▸ **What is needed**
Please copy each line from the entries that contains the string "thumbnail".

------ Excerpted data ------

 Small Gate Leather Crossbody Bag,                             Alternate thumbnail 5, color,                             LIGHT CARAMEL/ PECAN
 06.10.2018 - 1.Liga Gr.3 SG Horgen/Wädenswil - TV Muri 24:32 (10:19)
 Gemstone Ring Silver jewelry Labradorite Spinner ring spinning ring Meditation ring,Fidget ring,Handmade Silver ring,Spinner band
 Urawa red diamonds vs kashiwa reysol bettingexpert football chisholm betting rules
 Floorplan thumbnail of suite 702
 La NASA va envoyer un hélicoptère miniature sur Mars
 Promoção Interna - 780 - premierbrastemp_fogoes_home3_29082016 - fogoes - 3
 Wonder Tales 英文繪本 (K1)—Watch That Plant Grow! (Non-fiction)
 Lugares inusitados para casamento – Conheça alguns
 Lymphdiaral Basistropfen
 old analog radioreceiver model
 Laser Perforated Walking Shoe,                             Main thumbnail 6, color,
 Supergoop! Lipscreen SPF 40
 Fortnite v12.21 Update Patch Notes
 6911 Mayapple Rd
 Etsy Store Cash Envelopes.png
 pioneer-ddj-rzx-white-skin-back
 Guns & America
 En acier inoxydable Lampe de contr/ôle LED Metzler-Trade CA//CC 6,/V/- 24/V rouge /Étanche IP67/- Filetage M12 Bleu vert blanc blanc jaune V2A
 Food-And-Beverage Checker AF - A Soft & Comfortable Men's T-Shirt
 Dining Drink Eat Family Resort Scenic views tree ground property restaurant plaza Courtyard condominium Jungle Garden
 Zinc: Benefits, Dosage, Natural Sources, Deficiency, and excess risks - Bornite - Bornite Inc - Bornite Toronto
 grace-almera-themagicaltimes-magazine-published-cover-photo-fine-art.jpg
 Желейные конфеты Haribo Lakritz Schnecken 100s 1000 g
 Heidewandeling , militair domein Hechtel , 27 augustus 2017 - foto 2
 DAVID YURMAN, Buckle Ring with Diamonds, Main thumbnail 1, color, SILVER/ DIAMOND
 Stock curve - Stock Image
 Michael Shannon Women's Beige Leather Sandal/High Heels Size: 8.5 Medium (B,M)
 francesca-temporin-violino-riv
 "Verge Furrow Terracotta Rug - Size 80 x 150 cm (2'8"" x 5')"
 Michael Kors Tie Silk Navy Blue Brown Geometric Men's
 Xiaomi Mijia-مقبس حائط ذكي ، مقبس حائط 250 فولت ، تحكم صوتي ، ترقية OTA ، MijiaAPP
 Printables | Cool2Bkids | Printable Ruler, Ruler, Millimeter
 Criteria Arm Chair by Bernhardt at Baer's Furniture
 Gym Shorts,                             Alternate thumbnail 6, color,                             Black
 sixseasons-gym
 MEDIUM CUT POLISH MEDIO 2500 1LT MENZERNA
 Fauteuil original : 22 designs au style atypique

------

▸ **Answer box**
 Small Gate Leather Crossbody Bag,                             Alternate thumbnail 5, color,                             LIGHT CARAMEL/ PECAN
 Floorplan thumbnail of suite 702
 Laser Perforated Walking Shoe,                             Main thumbnail 6, color,
 DAVID YURMAN, Buckle Ring with Diamonds, Main thumbnail 1, color, SILVER/ DIAMOND
 Gym Shorts,                             Alternate thumbnail 6, color,                             Black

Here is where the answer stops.